_REQUIREMENT_
Print the records below exactly, starting at the first line and stopping after the line that contains "Canali Logo - CANALI". Leave out any pictures.

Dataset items
*** Begin section ***

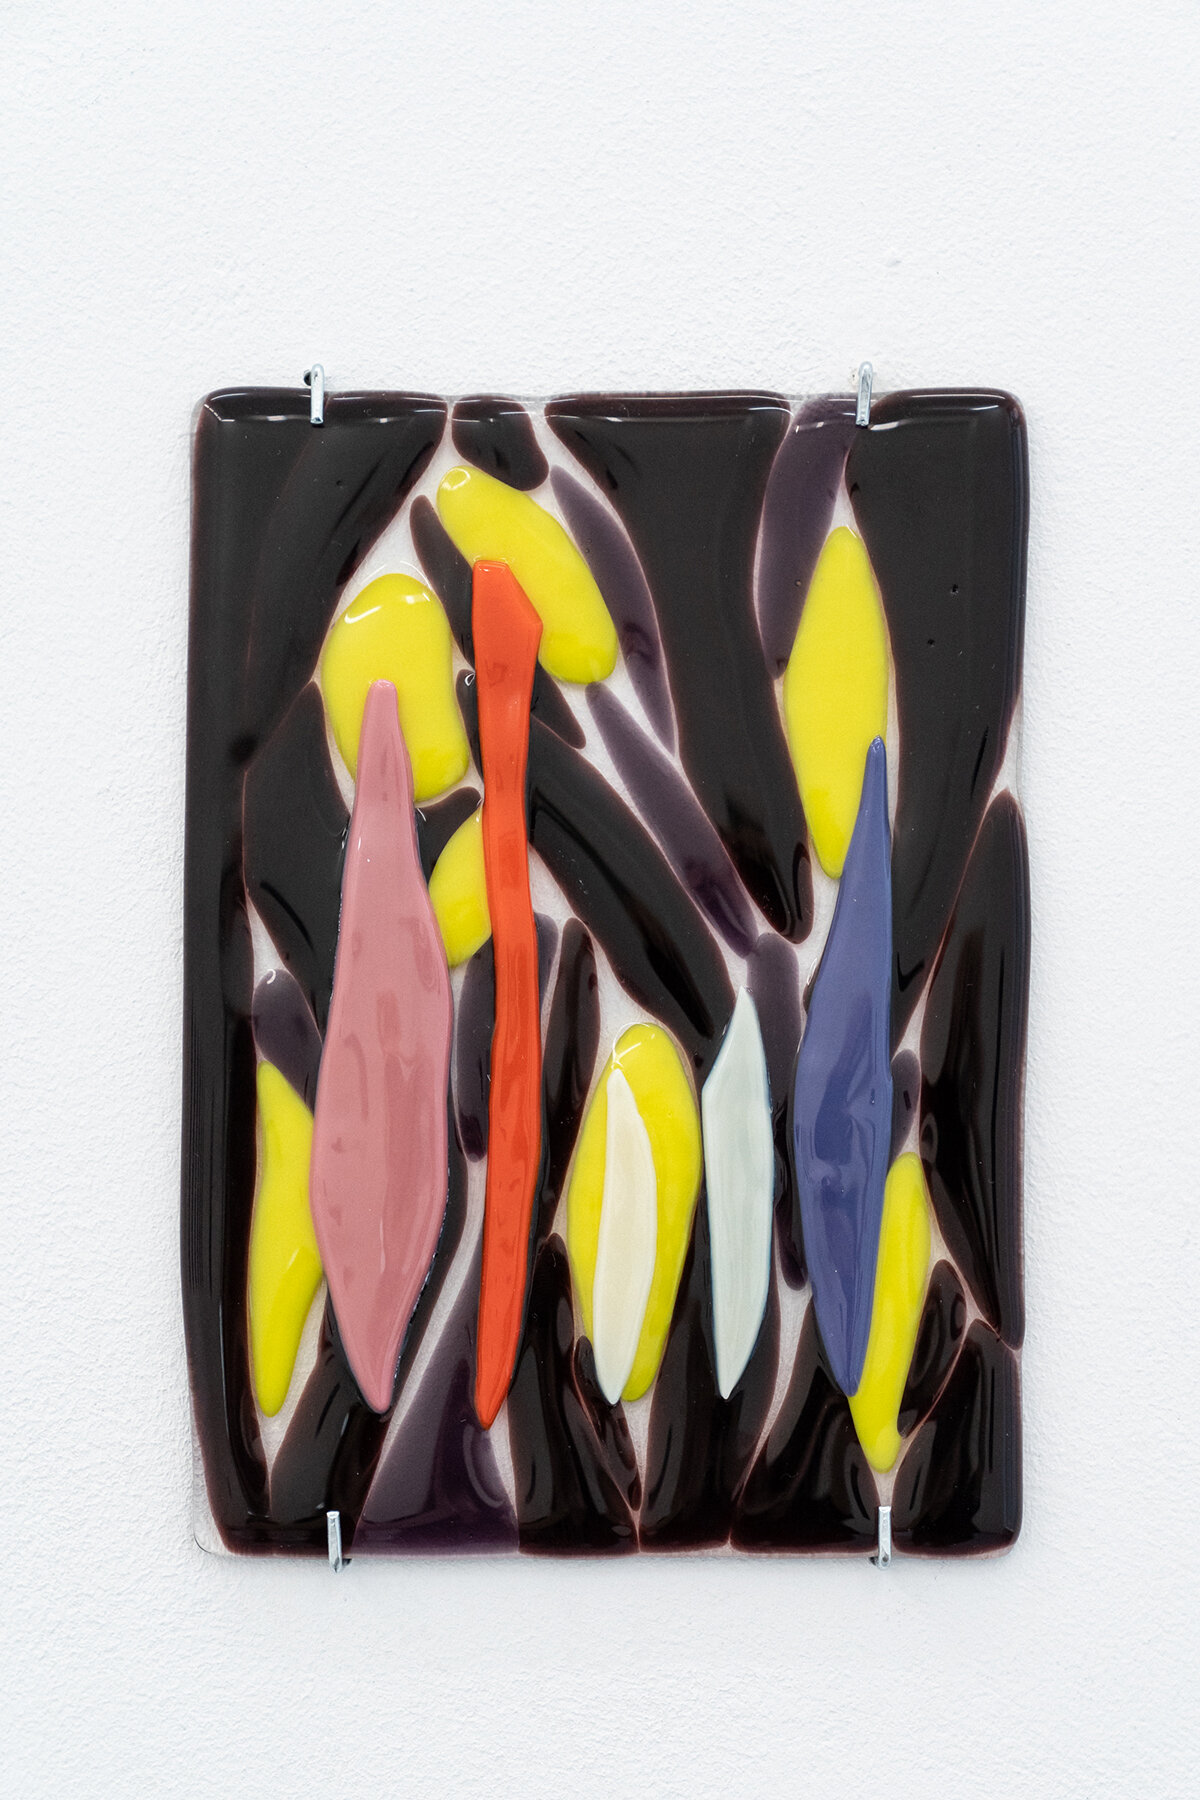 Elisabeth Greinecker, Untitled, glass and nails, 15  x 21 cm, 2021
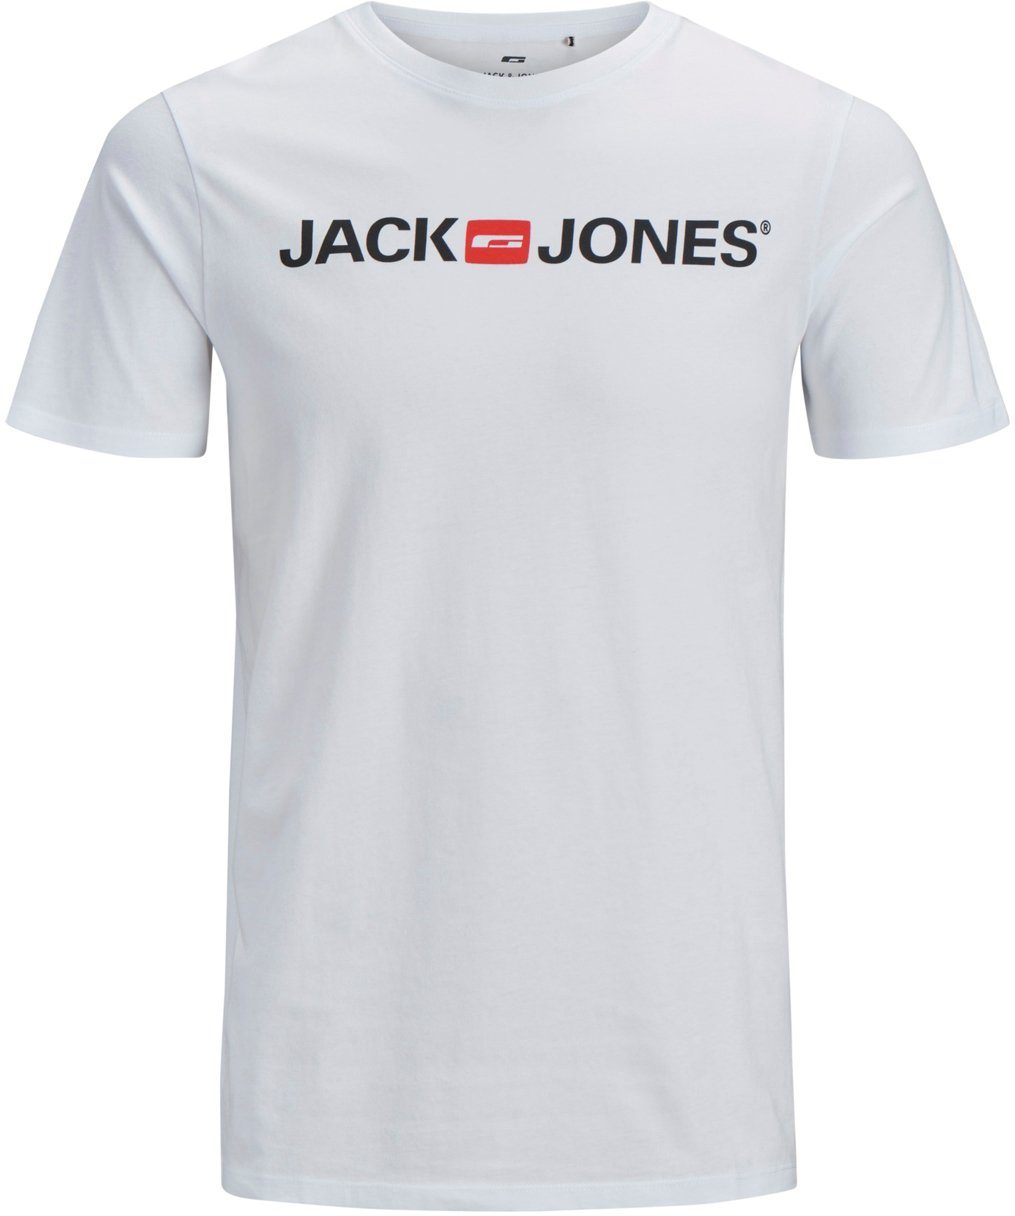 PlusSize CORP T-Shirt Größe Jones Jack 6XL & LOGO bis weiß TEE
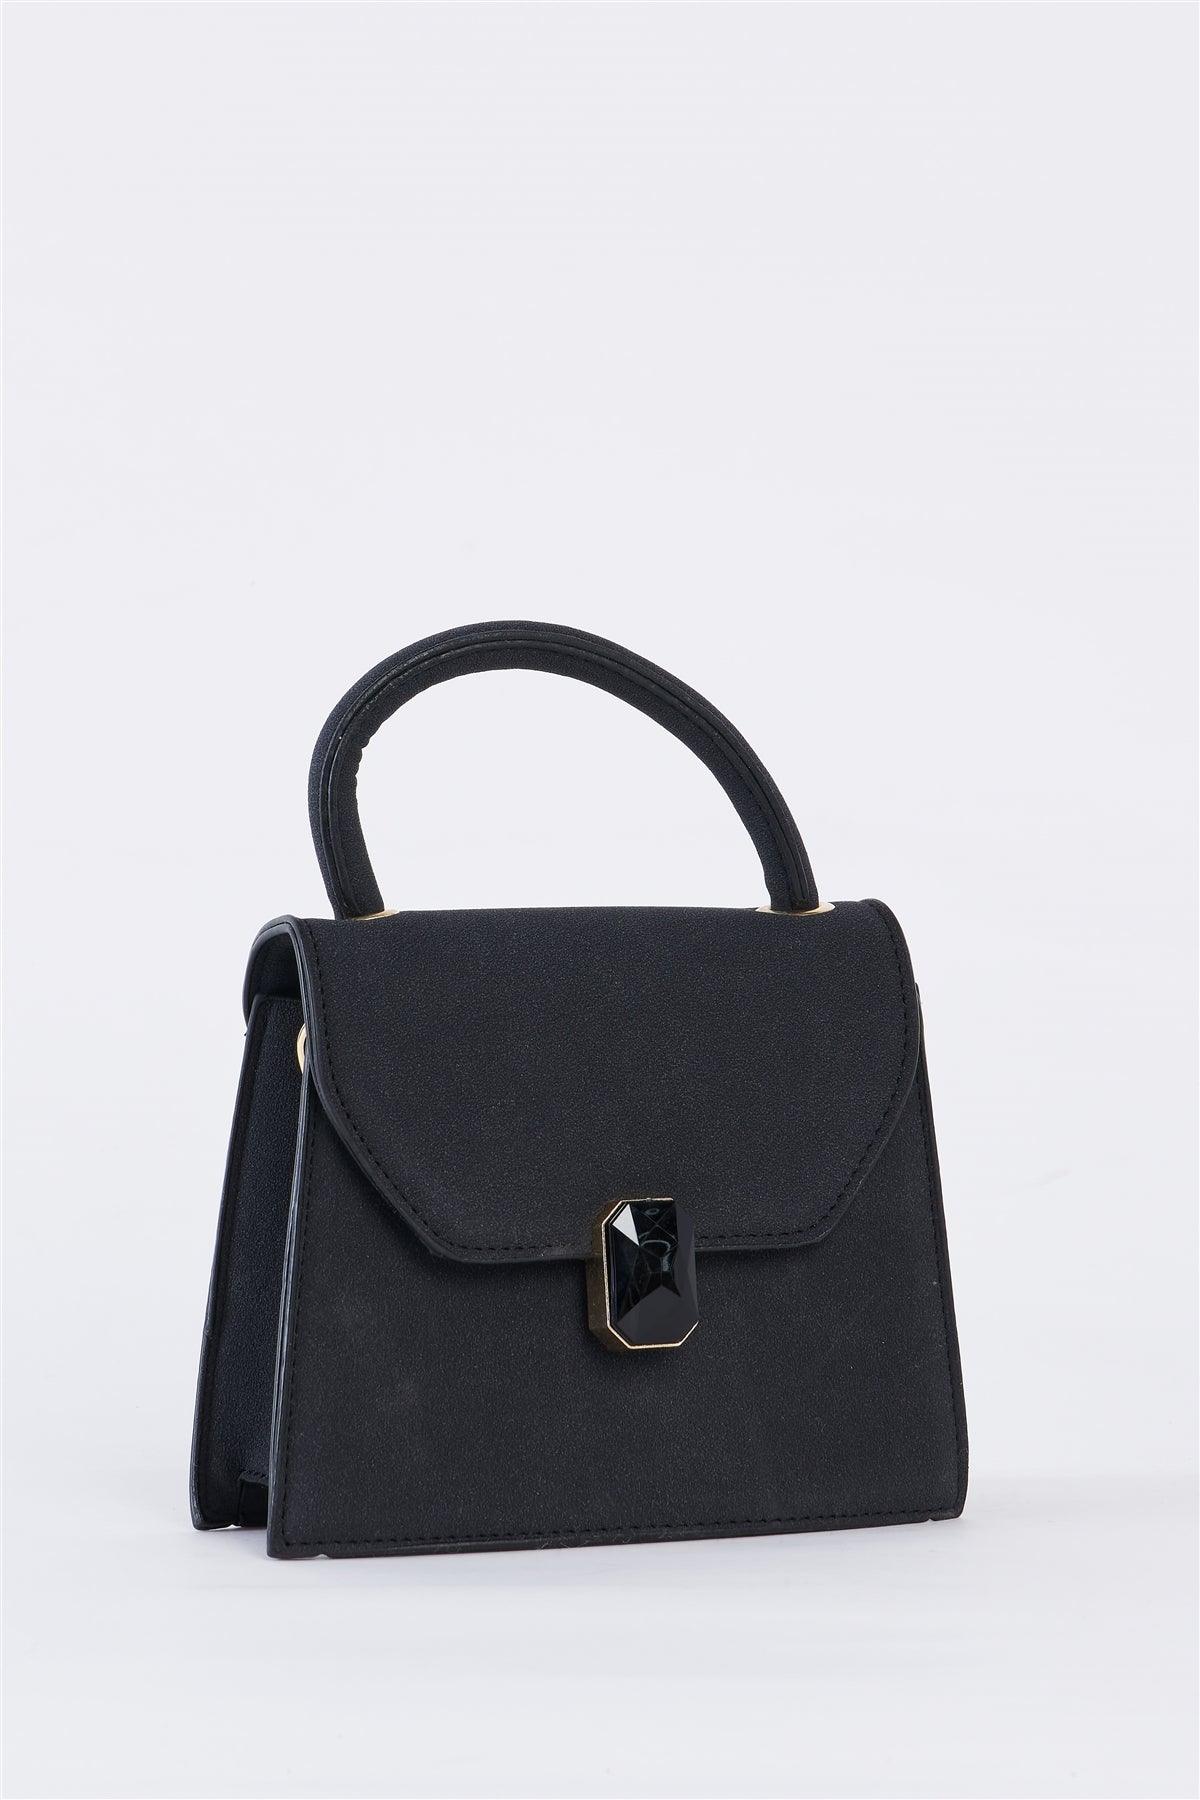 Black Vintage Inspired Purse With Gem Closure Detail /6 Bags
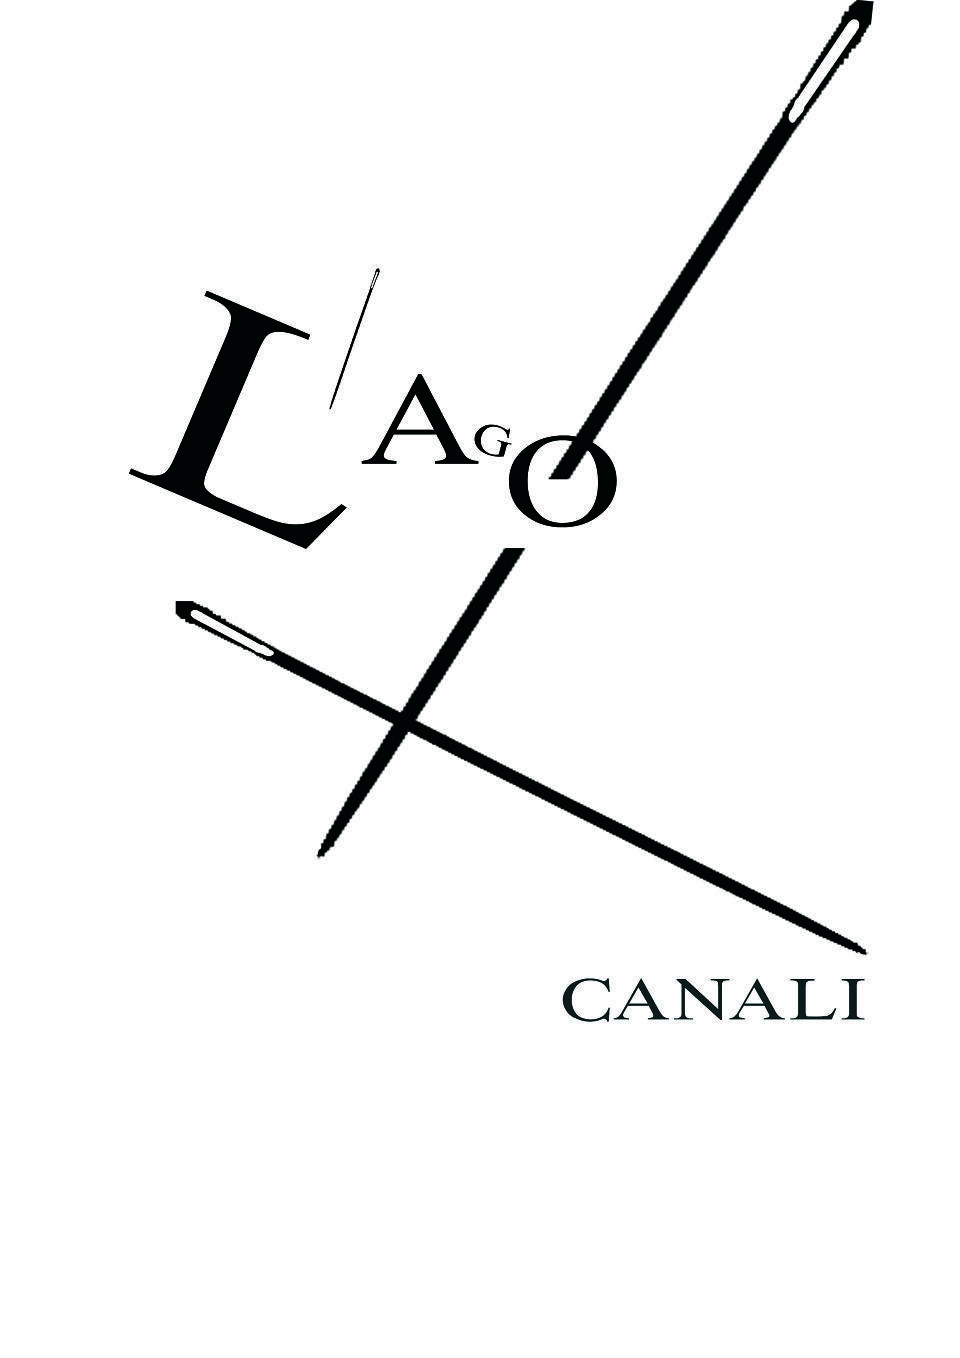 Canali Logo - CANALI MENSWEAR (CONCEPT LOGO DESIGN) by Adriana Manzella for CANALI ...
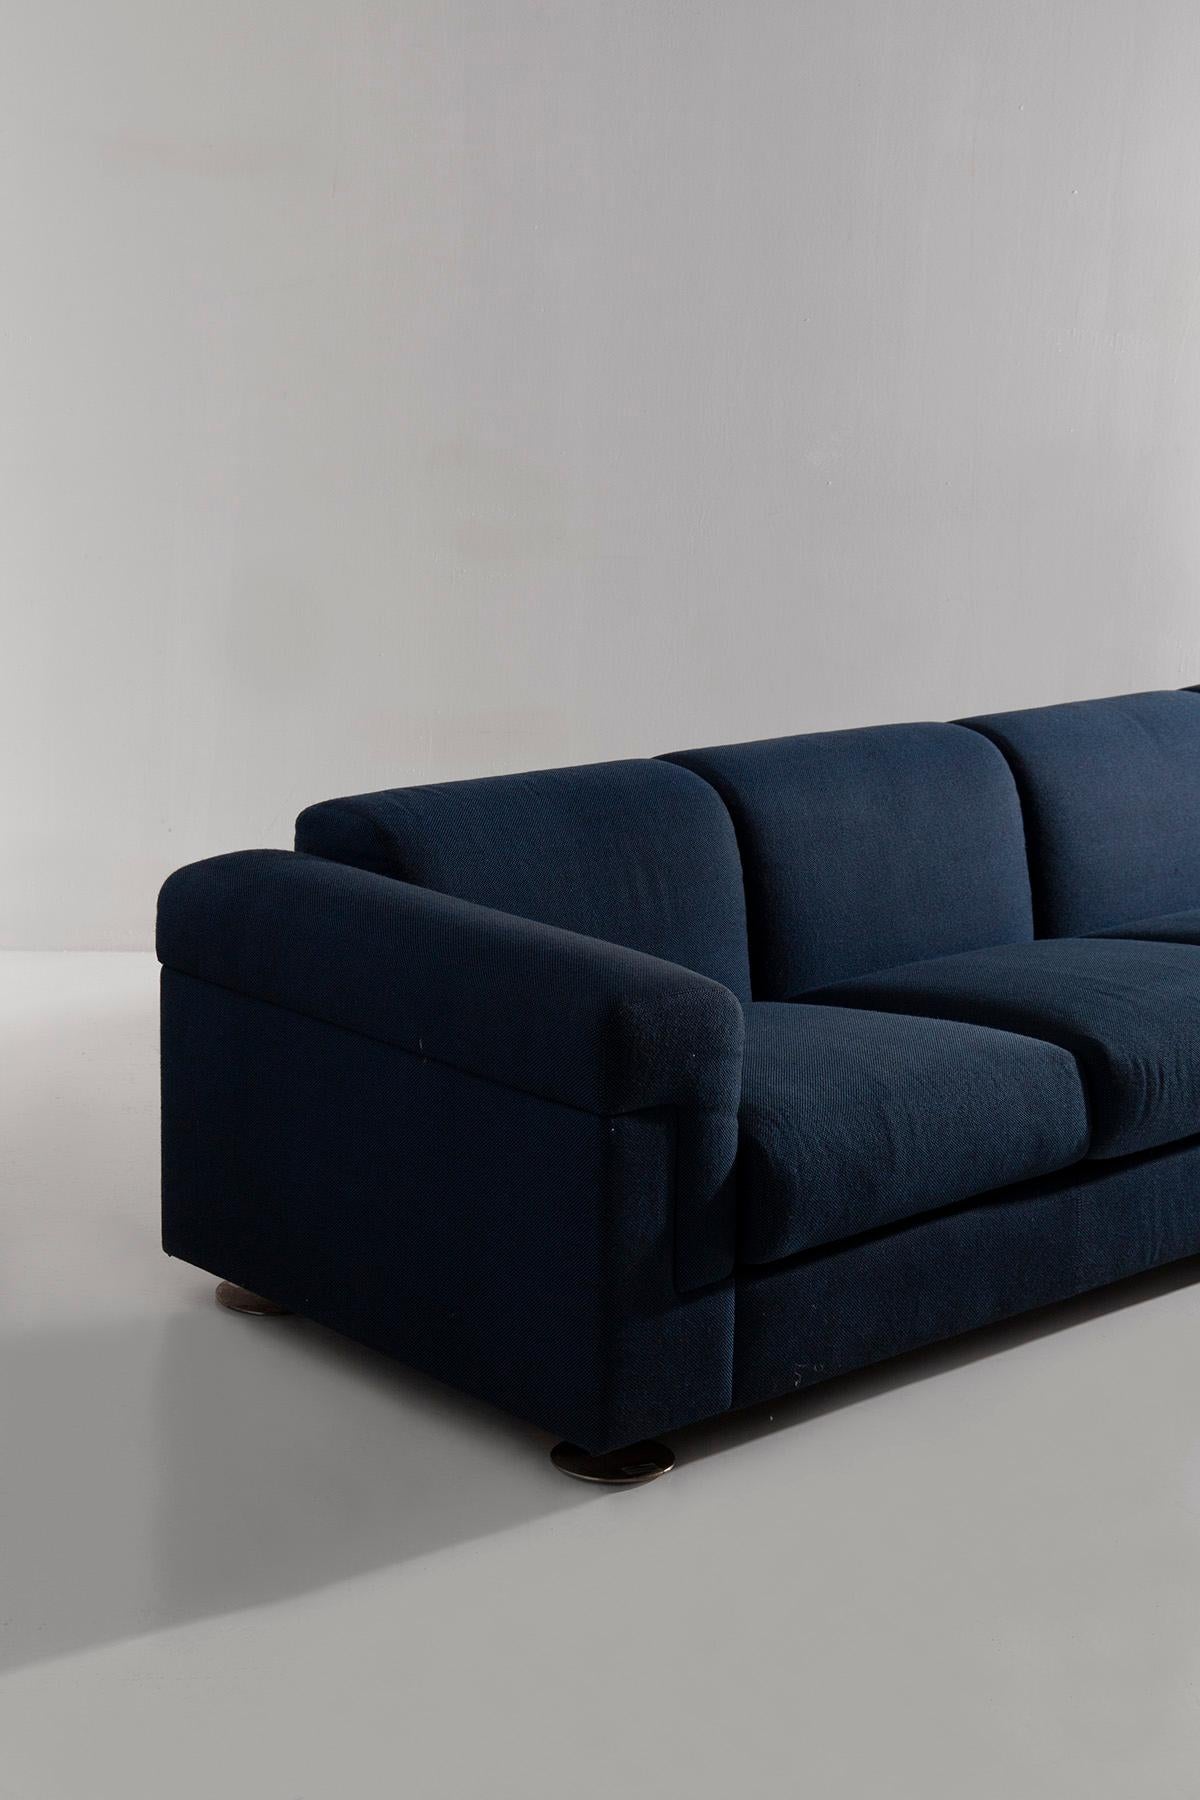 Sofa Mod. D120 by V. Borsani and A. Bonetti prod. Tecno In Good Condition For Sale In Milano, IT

*** End section ***

_EXPECTED ANSWER_
 Elisabeth Greinecker, Untitled, glass and nails, 15  x 21 cm, 2021
 PlusSize CORP T-Shirt Größe Jones Jack 6XL & LOGO bis weiß TEE
 Black Vintage Inspired Purse With Gem Closure Detail /6 Bags
 Canali Logo - CANALI MENSWEAR (CONCEPT LOGO DESIGN) by Adriana Manzella for CANALI ...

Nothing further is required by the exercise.